## WORK TO BE COMPLETED
Report every line of the records below that contains the word "Winter".

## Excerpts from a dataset
<<<<

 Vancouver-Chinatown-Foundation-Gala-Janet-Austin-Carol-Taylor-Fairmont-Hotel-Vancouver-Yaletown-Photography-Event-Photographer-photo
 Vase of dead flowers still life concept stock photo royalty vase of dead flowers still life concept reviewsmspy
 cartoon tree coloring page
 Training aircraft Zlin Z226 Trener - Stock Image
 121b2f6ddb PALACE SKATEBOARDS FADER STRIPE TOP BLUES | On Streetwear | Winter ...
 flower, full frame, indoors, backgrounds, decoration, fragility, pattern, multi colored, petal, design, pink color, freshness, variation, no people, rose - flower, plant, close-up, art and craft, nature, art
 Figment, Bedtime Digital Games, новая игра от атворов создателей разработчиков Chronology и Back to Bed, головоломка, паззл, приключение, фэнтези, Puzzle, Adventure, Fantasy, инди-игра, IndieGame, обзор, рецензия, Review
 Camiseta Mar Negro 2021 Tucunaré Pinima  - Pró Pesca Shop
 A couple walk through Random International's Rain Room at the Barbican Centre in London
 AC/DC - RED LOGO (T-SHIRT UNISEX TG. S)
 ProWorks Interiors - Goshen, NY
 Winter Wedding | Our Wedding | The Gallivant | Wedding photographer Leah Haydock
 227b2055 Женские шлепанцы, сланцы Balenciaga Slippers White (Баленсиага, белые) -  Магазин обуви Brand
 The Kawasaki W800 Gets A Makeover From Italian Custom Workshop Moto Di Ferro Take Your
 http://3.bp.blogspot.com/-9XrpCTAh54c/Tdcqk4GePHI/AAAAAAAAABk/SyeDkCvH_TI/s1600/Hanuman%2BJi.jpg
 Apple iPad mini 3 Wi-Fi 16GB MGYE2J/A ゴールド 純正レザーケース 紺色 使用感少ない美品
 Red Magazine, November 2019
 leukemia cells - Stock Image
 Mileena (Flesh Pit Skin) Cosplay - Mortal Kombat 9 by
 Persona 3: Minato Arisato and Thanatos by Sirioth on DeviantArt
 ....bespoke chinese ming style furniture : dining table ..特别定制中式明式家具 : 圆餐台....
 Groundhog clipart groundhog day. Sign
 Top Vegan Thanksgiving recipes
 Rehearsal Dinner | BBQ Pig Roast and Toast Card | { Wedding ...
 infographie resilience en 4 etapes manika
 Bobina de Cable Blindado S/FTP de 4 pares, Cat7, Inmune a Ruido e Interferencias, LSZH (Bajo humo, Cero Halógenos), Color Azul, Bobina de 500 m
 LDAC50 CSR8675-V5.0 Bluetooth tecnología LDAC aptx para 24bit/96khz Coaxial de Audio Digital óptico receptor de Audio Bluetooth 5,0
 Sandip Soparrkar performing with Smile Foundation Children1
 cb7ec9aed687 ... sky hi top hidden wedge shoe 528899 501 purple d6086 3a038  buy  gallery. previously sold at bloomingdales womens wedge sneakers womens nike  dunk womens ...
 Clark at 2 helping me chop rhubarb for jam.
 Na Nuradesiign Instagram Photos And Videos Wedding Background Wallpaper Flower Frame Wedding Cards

>>>>

## RESULT OF THIS TASK
 121b2f6ddb PALACE SKATEBOARDS FADER STRIPE TOP BLUES | On Streetwear | Winter ...
 Winter Wedding | Our Wedding | The Gallivant | Wedding photographer Leah Haydock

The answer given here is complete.